- Recorded data -
[Start of section]
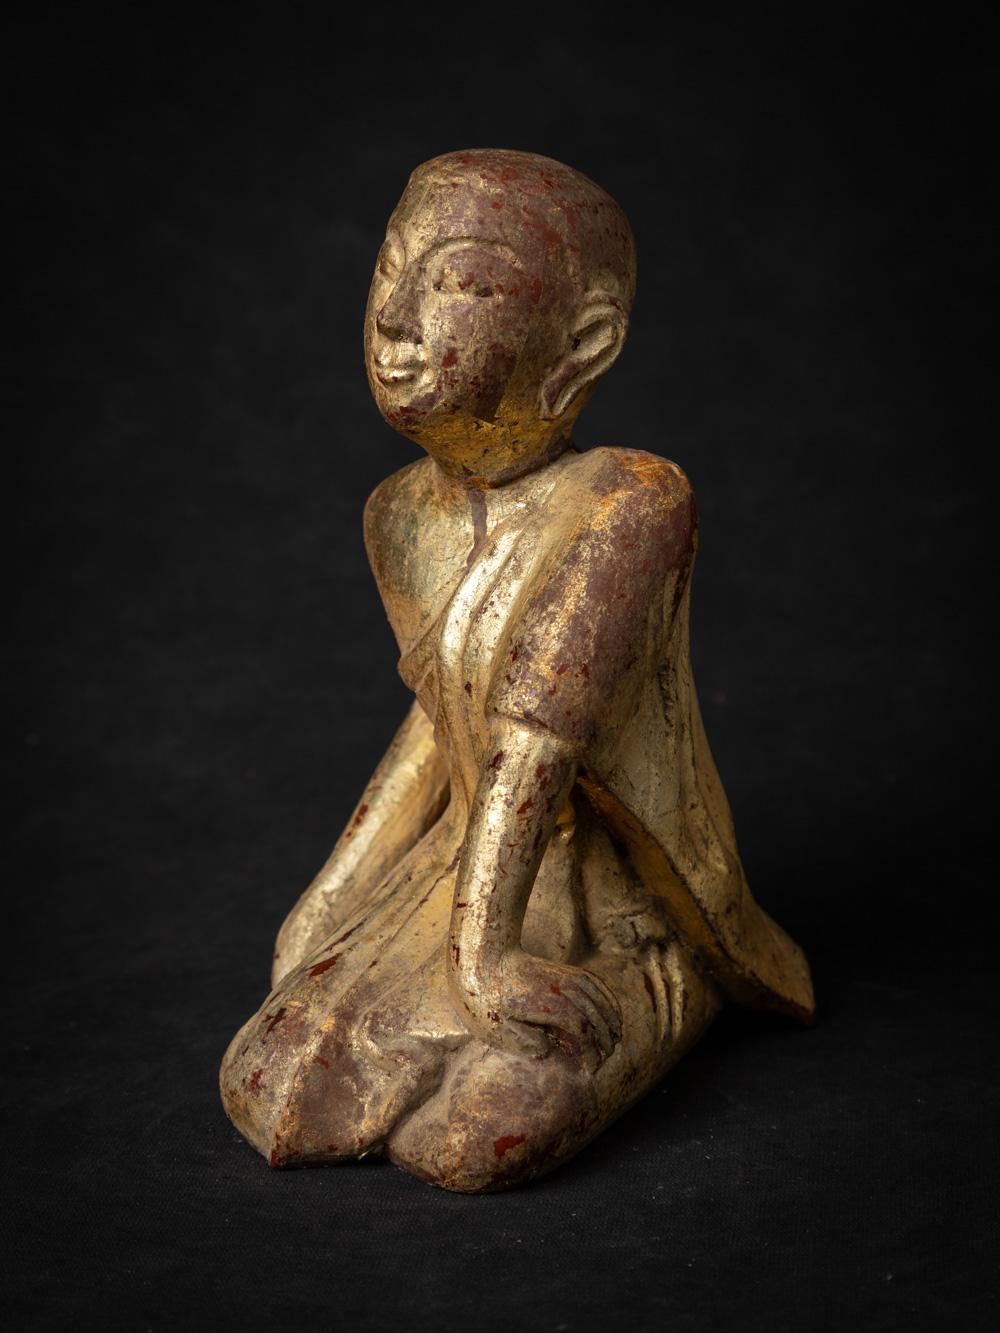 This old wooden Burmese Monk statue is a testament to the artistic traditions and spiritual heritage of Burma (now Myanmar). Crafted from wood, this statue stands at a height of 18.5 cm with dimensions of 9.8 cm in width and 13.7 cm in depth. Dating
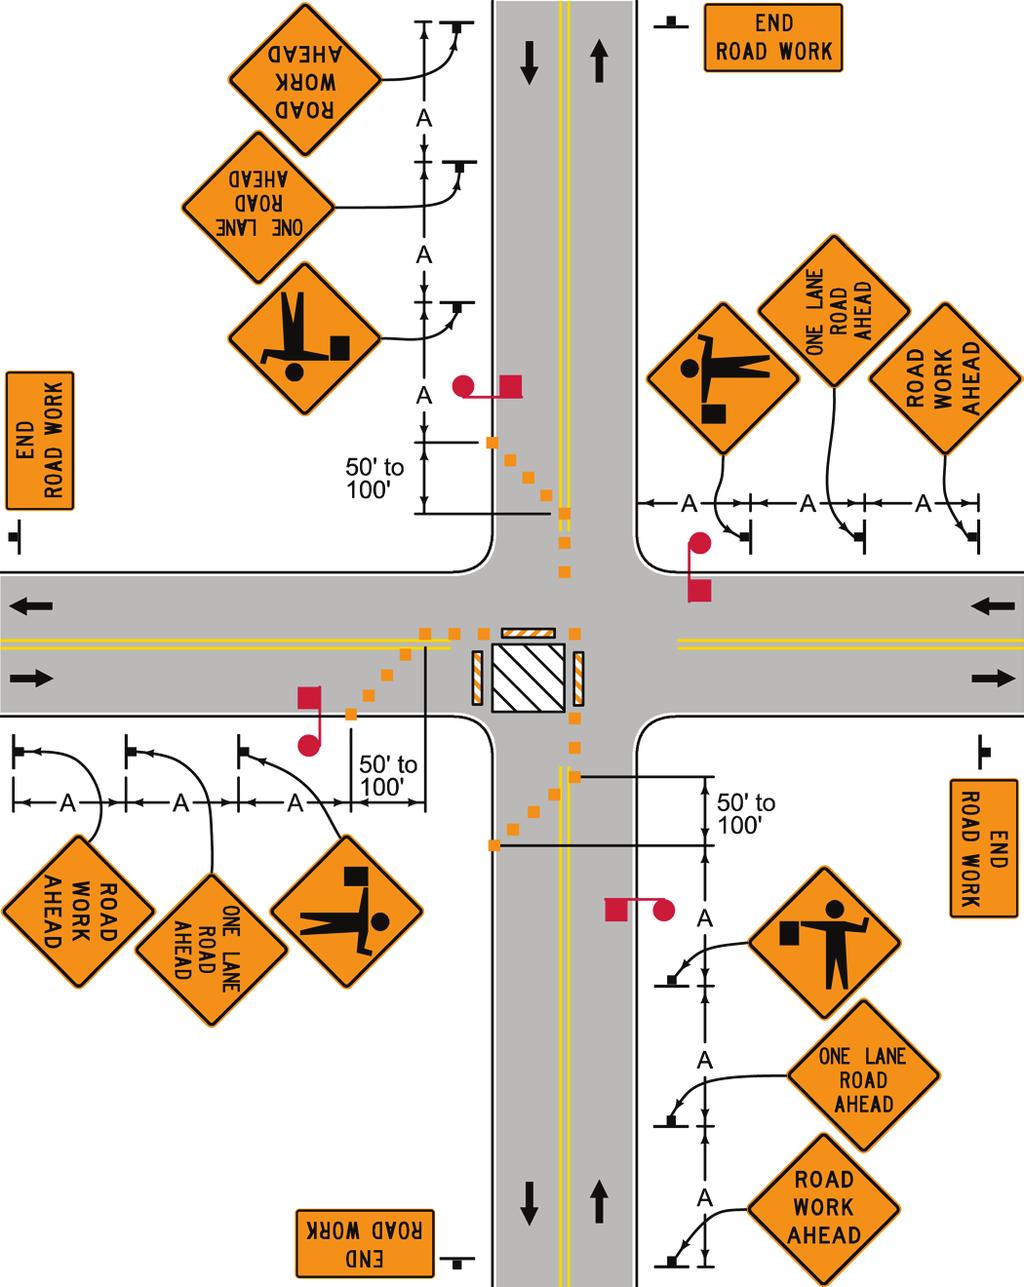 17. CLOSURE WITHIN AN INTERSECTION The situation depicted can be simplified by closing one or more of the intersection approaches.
[End of section]
[Start of section]
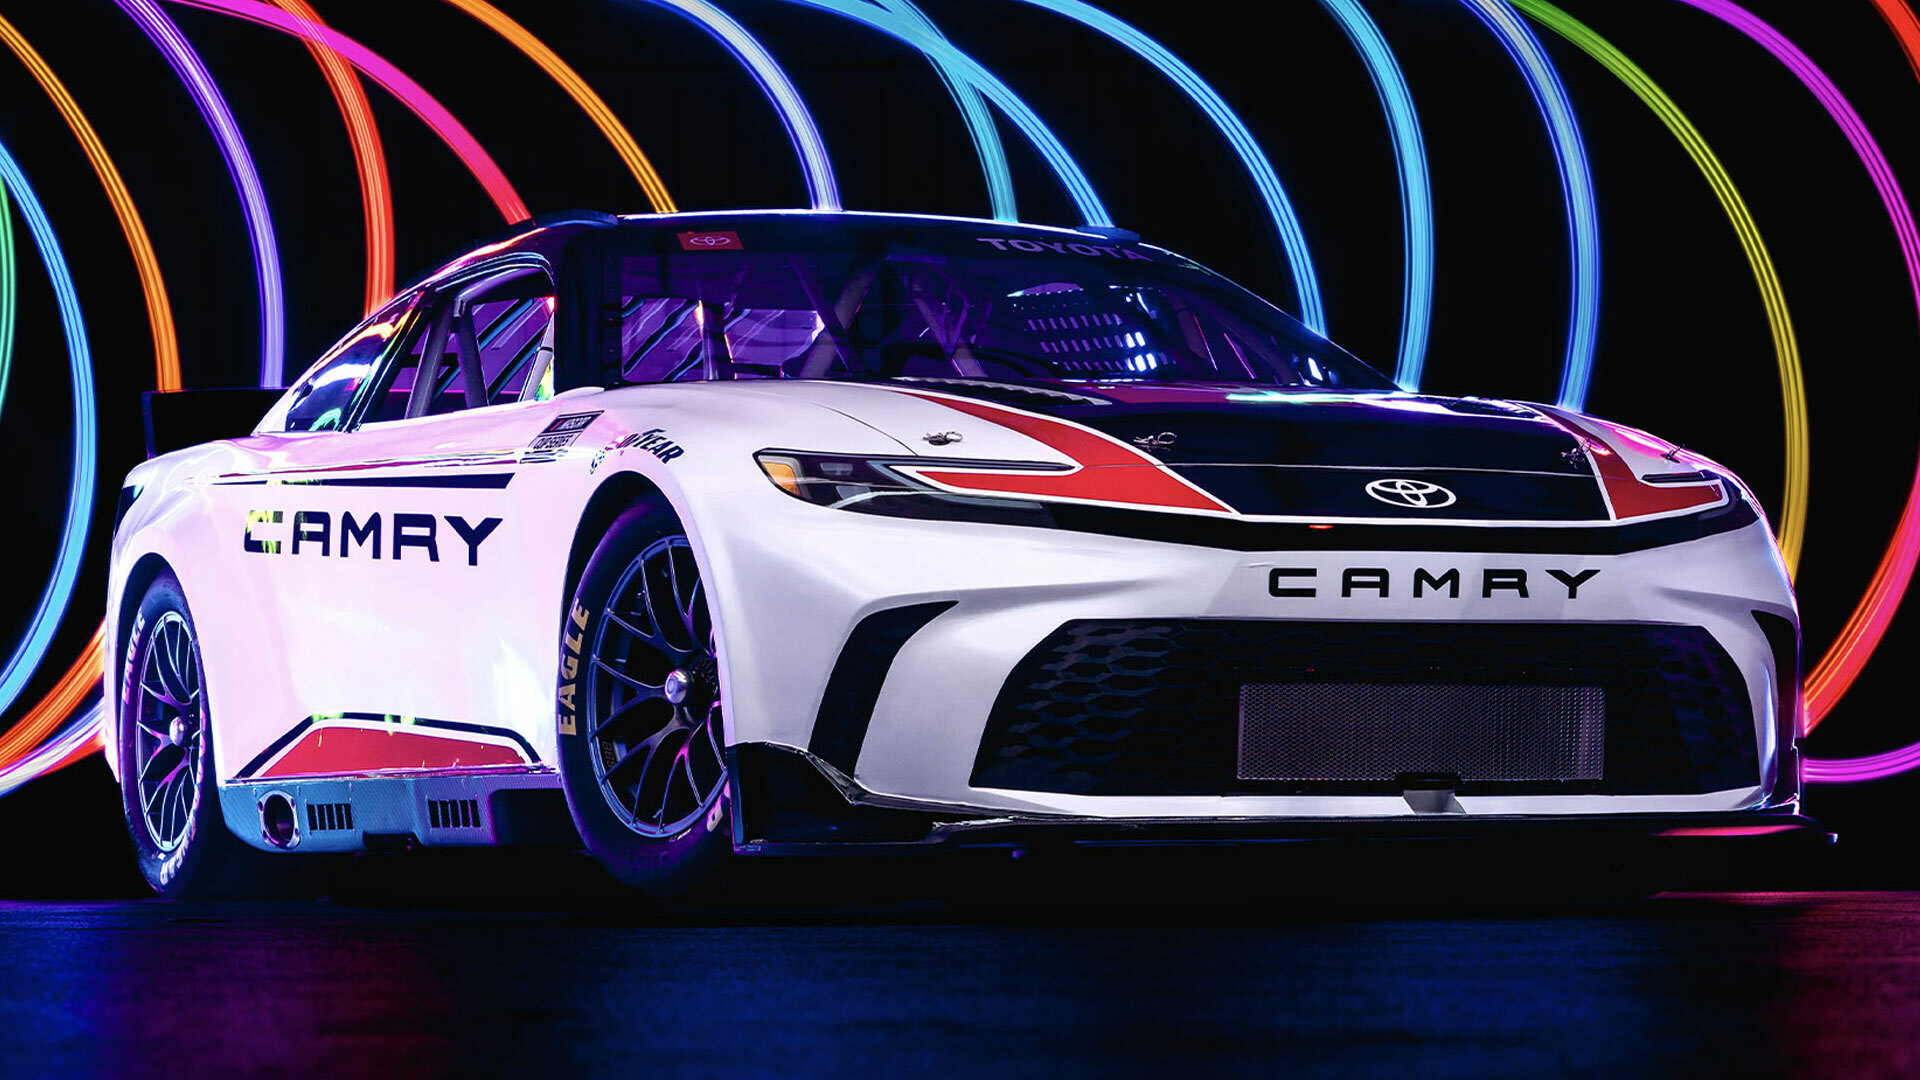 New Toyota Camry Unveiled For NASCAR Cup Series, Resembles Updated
[End of section]
[Start of section]
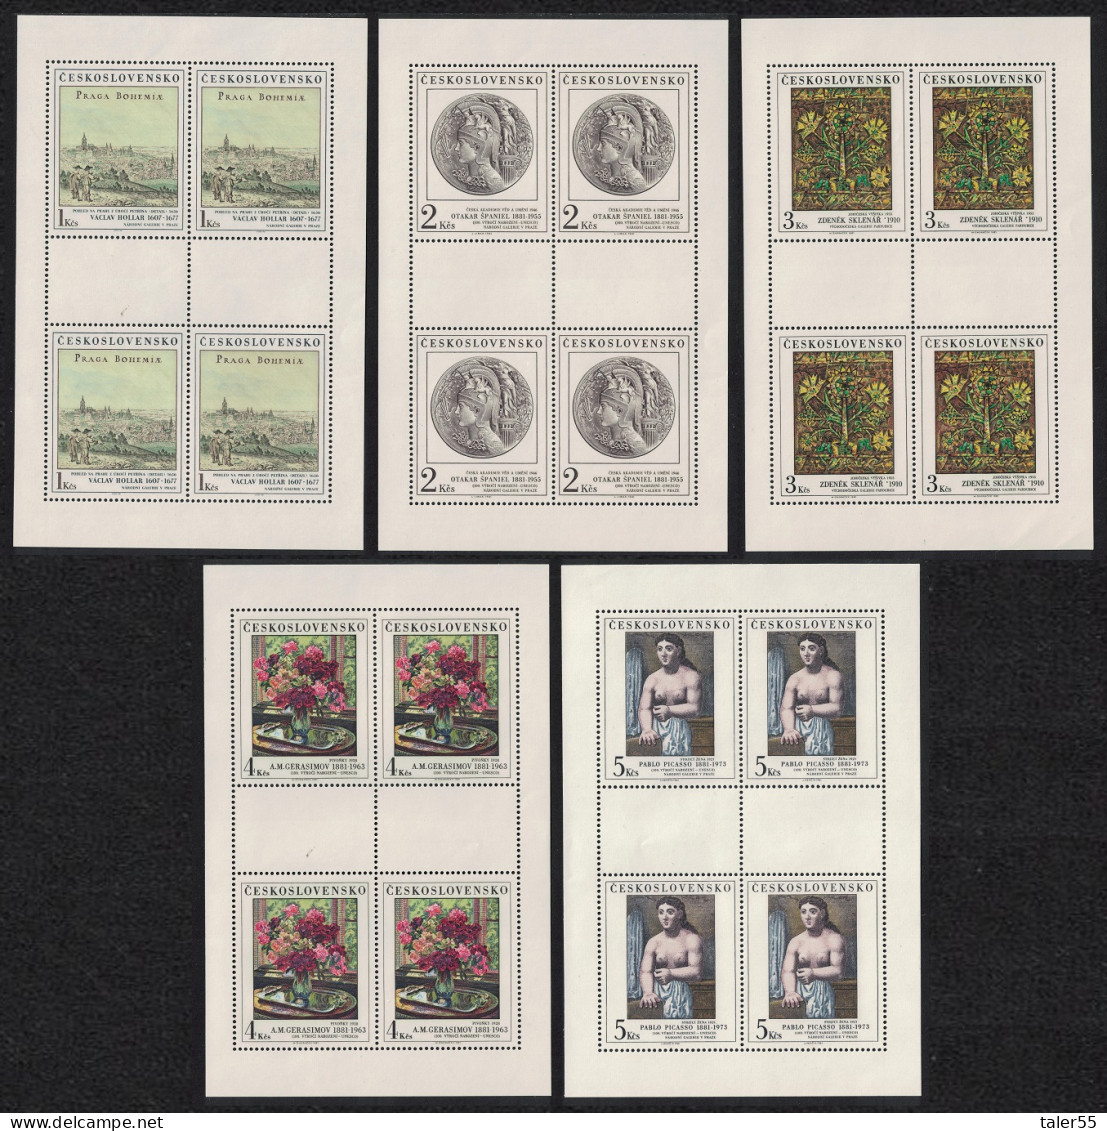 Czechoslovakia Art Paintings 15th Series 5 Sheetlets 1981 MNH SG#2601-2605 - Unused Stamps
[End of section]
- What you need to do -
Exactly the lines above from the one that contains "This old wooden" down to the one that contains "17. CLOSURE WITHIN" are to be output, both ends kept and pictures omitted.

- Task output -
 This old wooden Burmese Monk statue is a testament to the artistic traditions and spiritual heritage of Burma (now Myanmar). Crafted from wood, this statue stands at a height of 18.5 cm with dimensions of 9.8 cm in width and 13.7 cm in depth. Dating
 17. CLOSURE WITHIN AN INTERSECTION The situation depicted can be simplified by closing one or more of the intersection approaches.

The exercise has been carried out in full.